La ville de Tambacounda est encore sous le choc après la disparition tragique de M. Ndiath, adjudant de gendarmerie âgé de 42 ans, retrouvé mort dans sa chambre de service jeudi dernier. Marié et père de trois enfants, le sous-officier, qui occupait les fonctions de chef du Service administratif et technique (SAT) à la légion de gendarmerie de Tambacounda, se serait donné la mort avec son arme de service, selon les premières constatations relayées par le quotidien L’Observateur.
D’après les informations rapportées, le drame s’est produit dans un climat de profonde détresse personnelle. Ce sont ses collègues qui ont découvert le corps sans vie du gendarme après avoir constaté son absence inhabituelle durant toute la matinée. Ne le voyant ni répondre aux appels ni se présenter à son poste, certains de ses frères d’armes ont décidé de se rendre à sa chambre. Sur place, ils ont fait une découverte bouleversante : M. Ndiath gisait dans une mare de sang après s’être tiré une balle à la tête.
Les premiers éléments de l’enquête évoquent une situation financière particulièrement difficile qui aurait progressivement plongé le gendarme dans un profond mal-être. Selon plusieurs sources concordantes, l’homme faisait face à des dettes importantes liées aux paris en ligne et aux jeux d’argent. Avant de passer à l’acte, il aurait laissé une lettre dans laquelle il expliquait les raisons de son geste, évoquant notamment des difficultés financières devenues insurmontables.
Cette disparition tragique a provoqué une vive émotion au sein de la gendarmerie nationale, où M. Ndiath était décrit comme un agent discret et professionnel.

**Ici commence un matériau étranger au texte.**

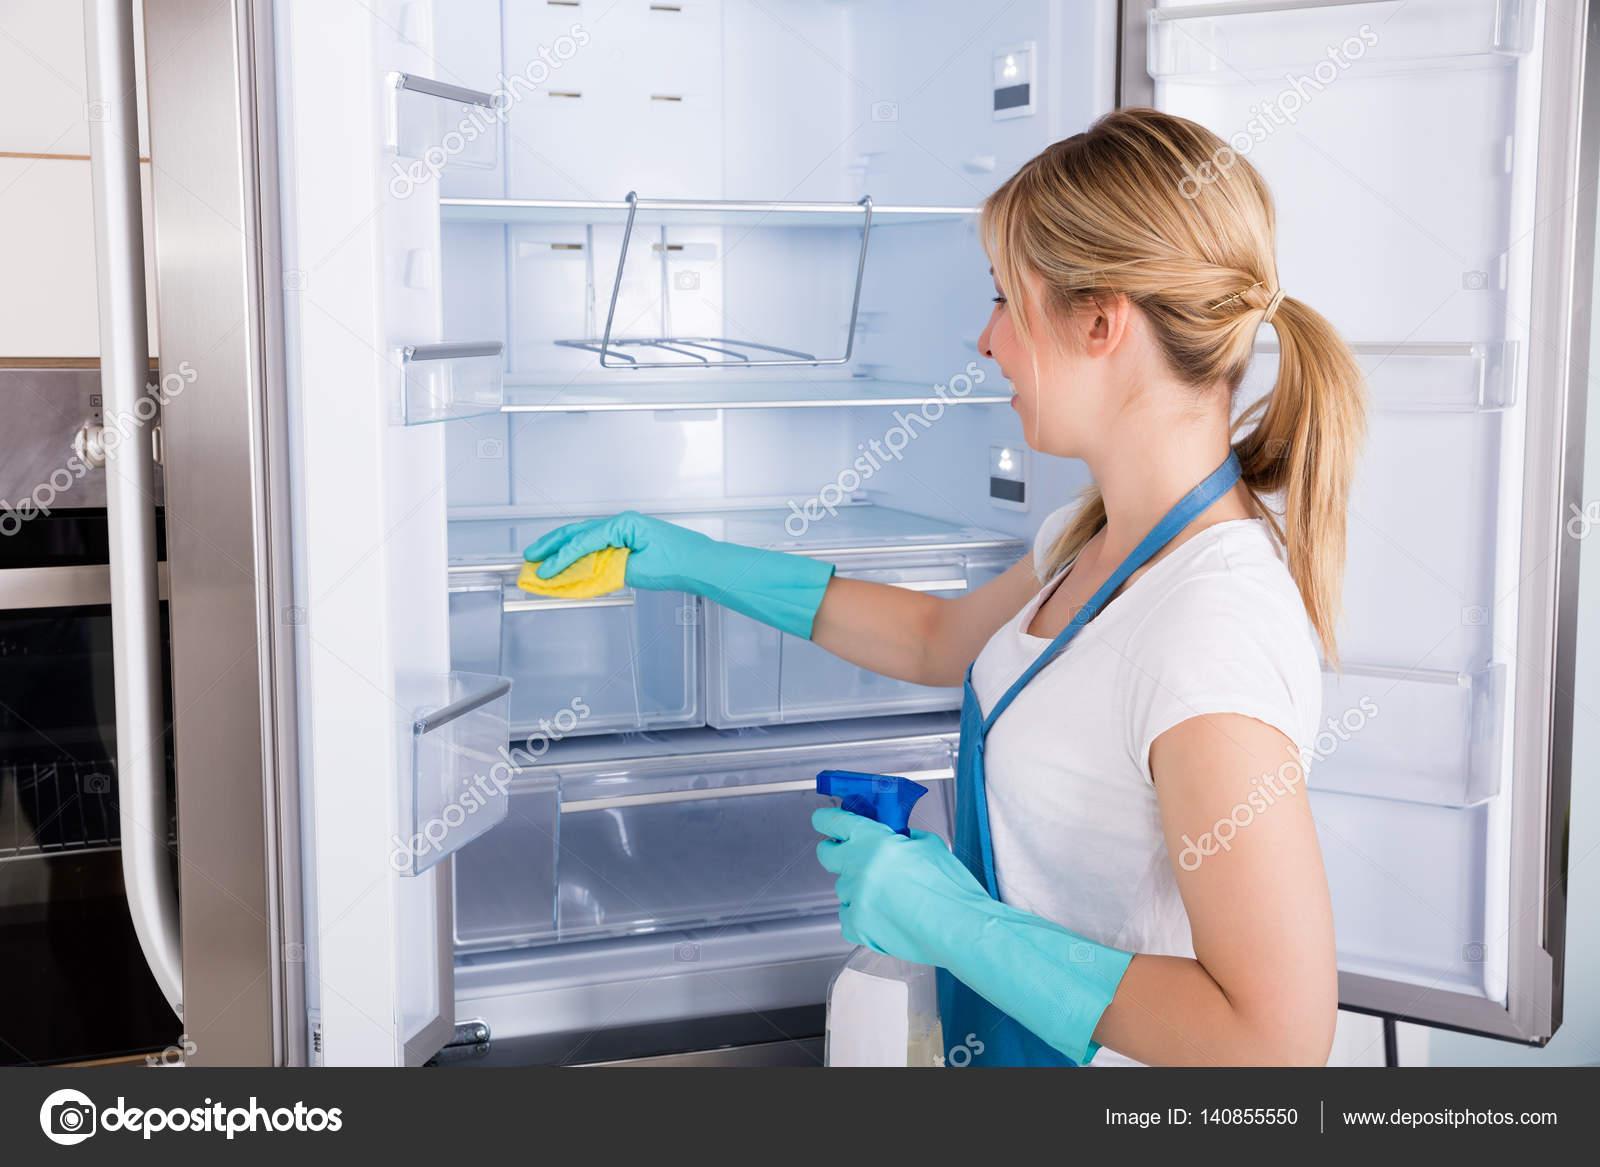 Kühlschrank Reinigen : Frau reinigung kühlschrank u2014 stockfoto © andreypopov #140855550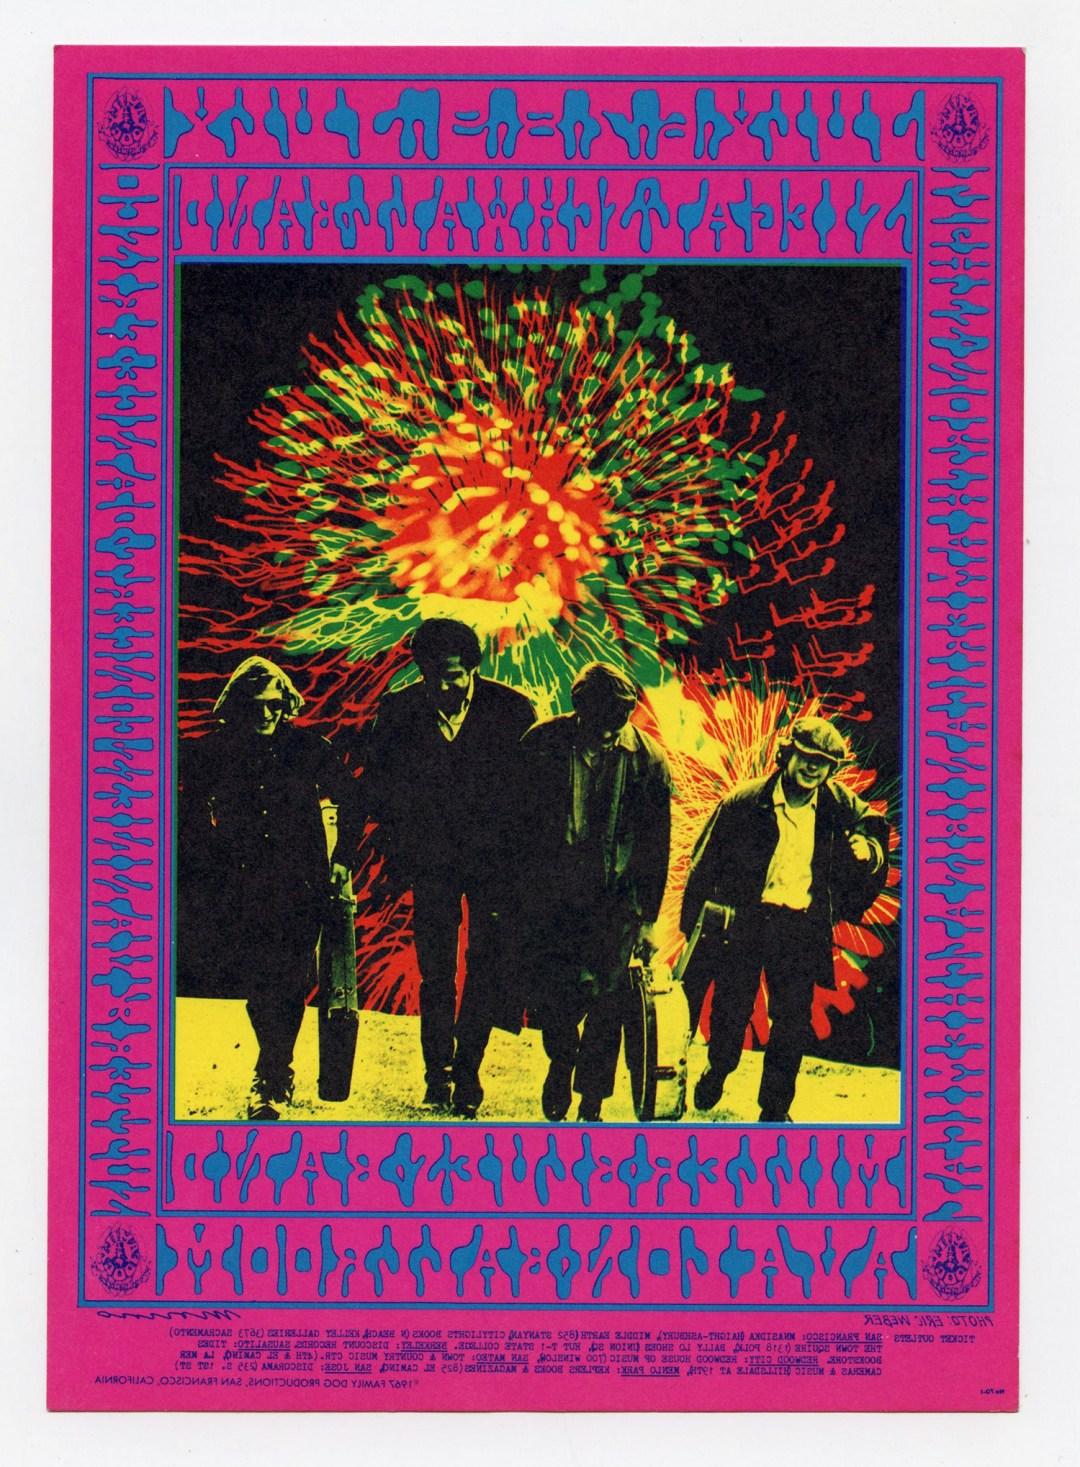 Family Dog 070 Postcard Chicago Fire 1967 Jul 6 Siegal Schwall Steve Miller

Ses collègues peinent à comprendre comment ce père de famille, considéré comme calme et respectueux, a pu sombrer dans une telle détresse sans que personne ne mesure réellement l’ampleur de son désespoir.
Au-delà du drame humain, cette affaire remet en lumière la question sensible de la santé mentale au sein des forces de défense et de sécurité. Entre pression professionnelle, difficultés sociales et problèmes personnels souvent gardés sous silence, plusieurs observateurs estiment que les mécanismes d’accompagnement psychologique méritent d’être renforcés afin de prévenir de tels drames.